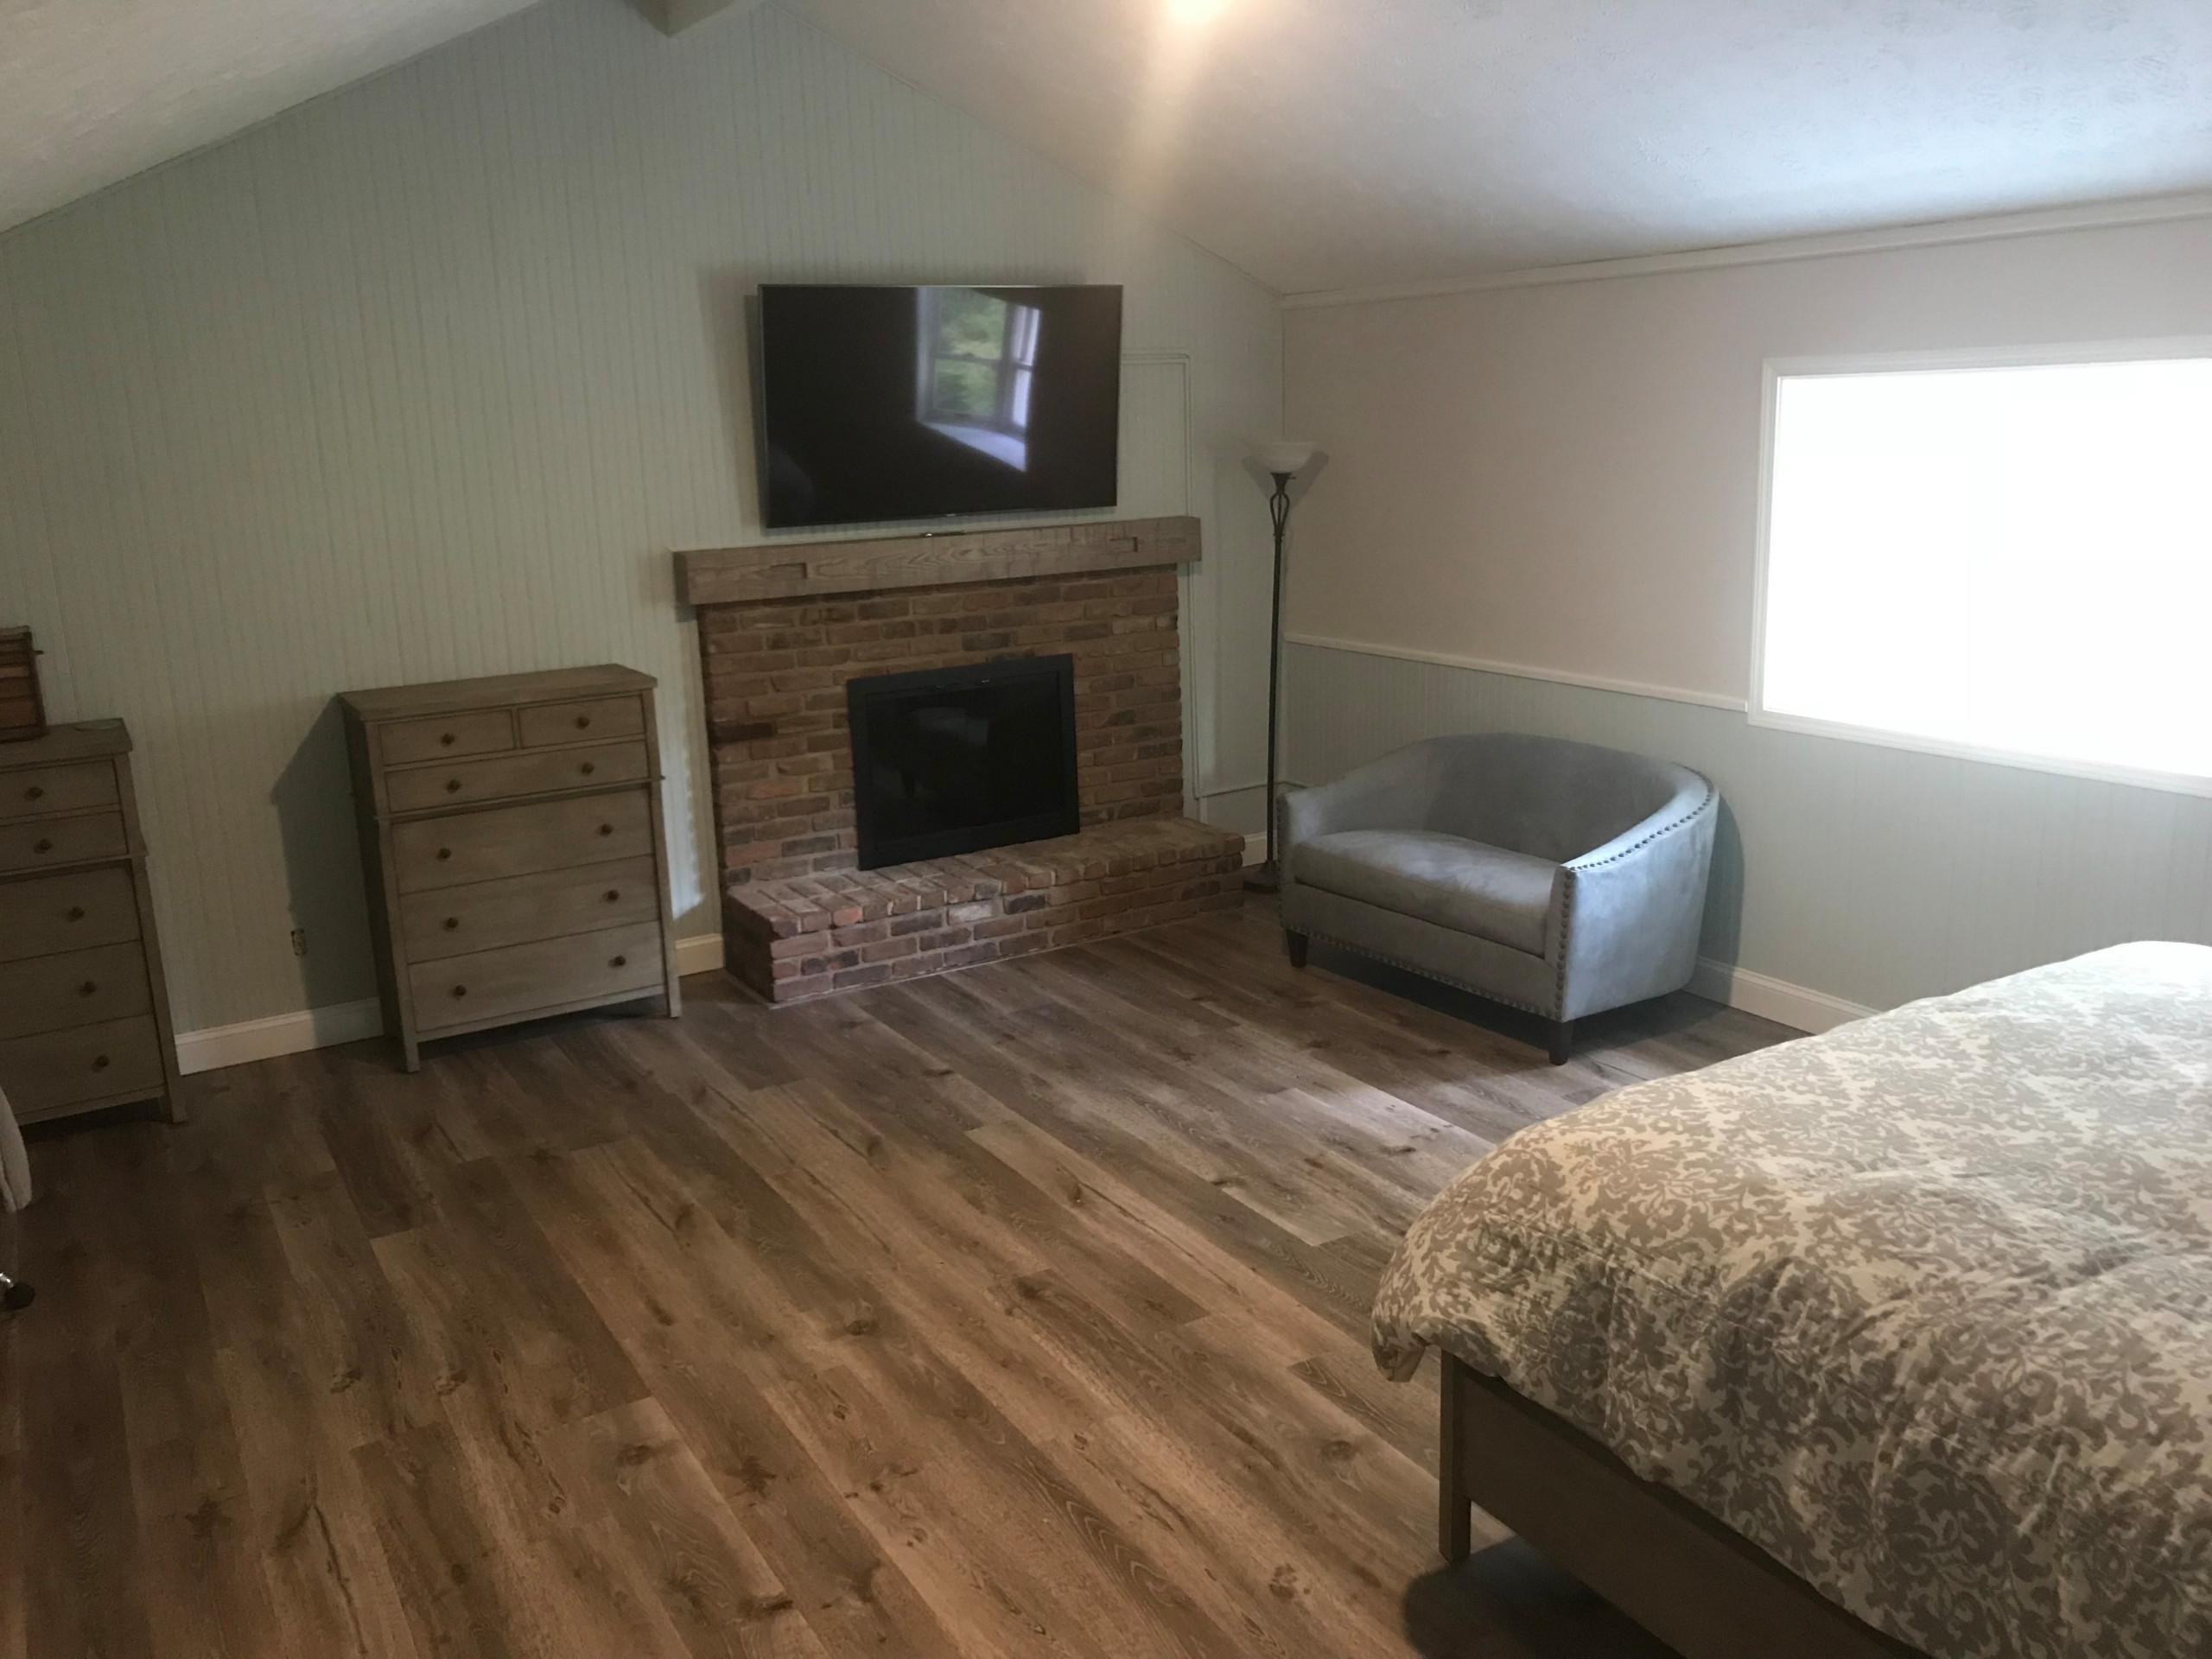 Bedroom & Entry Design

□ □ □ □ □ □ □

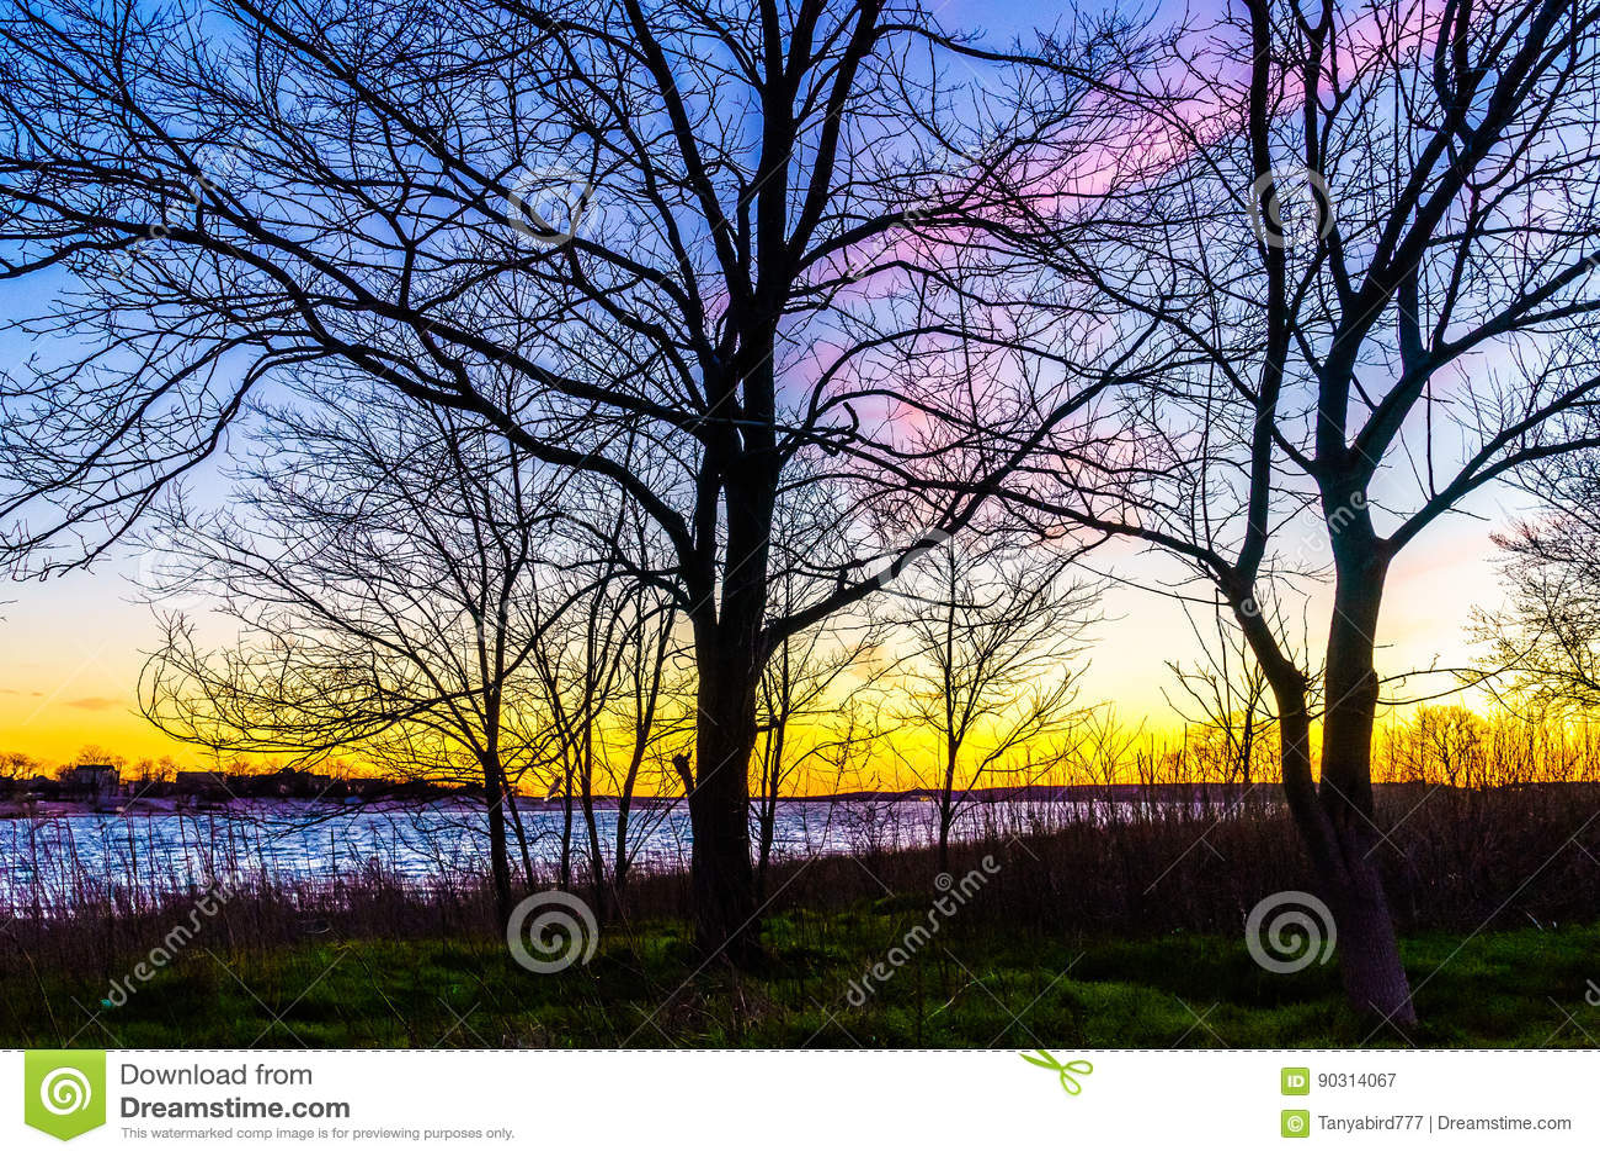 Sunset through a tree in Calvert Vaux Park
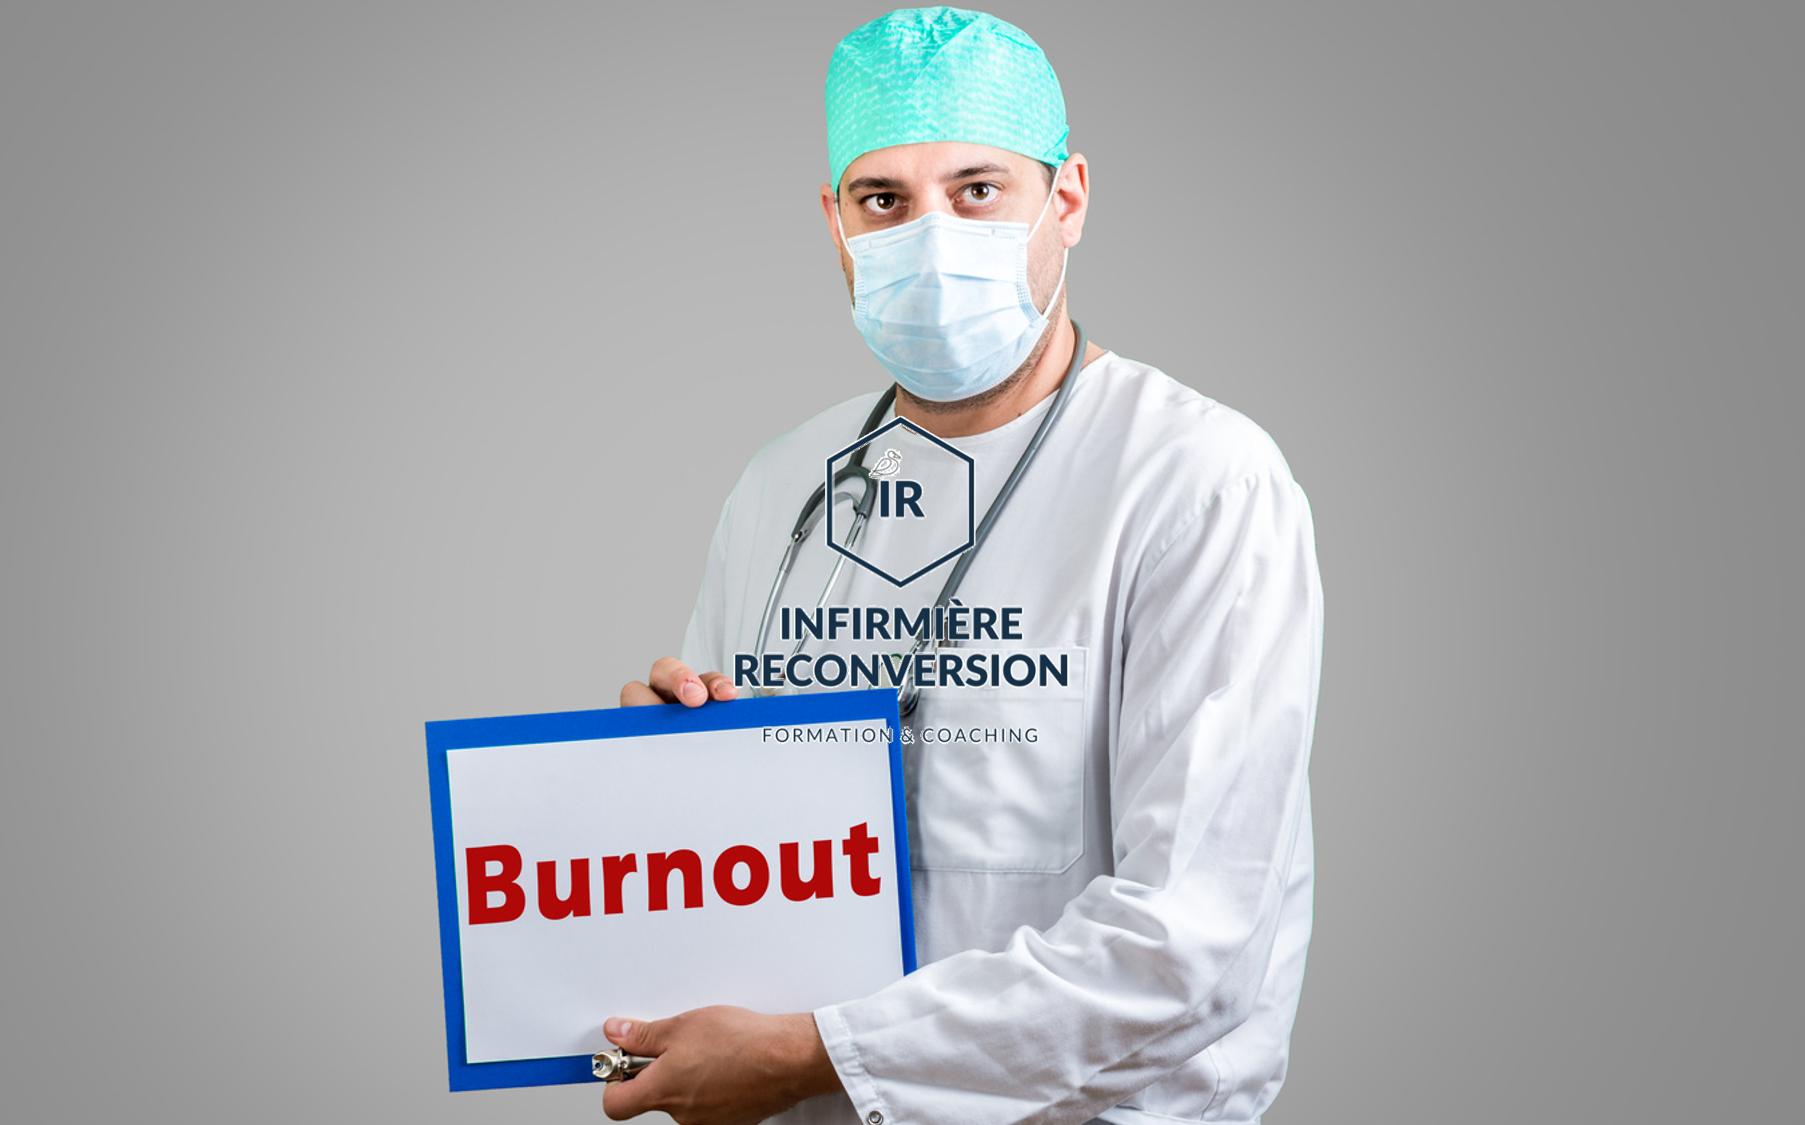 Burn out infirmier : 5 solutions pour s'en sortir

□ □ □ □ □ □ □

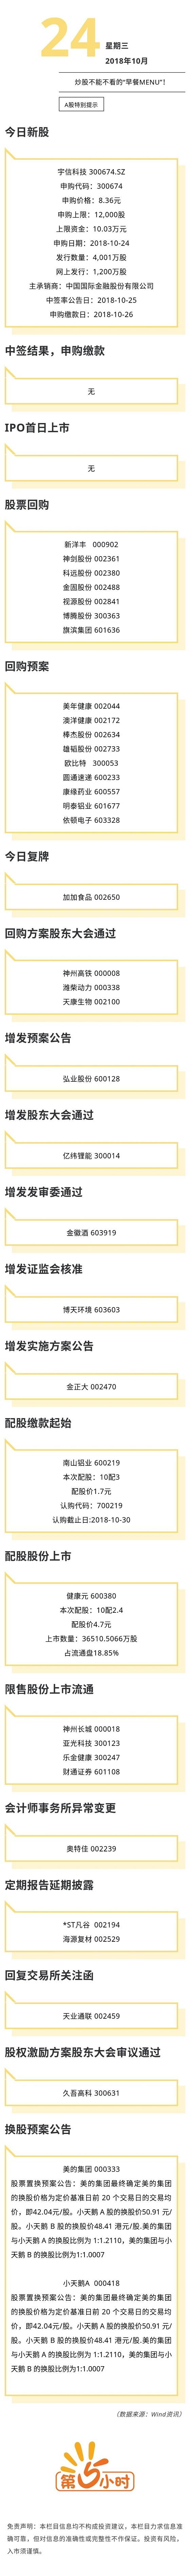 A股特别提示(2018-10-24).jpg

□ □ □ □ □ □ □

:: Exercise prompt ::
Leave out the images and write out the lines above exactly, from the one with "Sunset through a tree in Calvert Vaux Park" up to and including the one with "Burn out infirmier".

:: Response area ::
 Sunset through a tree in Calvert Vaux Park
 Burn out infirmier : 5 solutions pour s'en sortir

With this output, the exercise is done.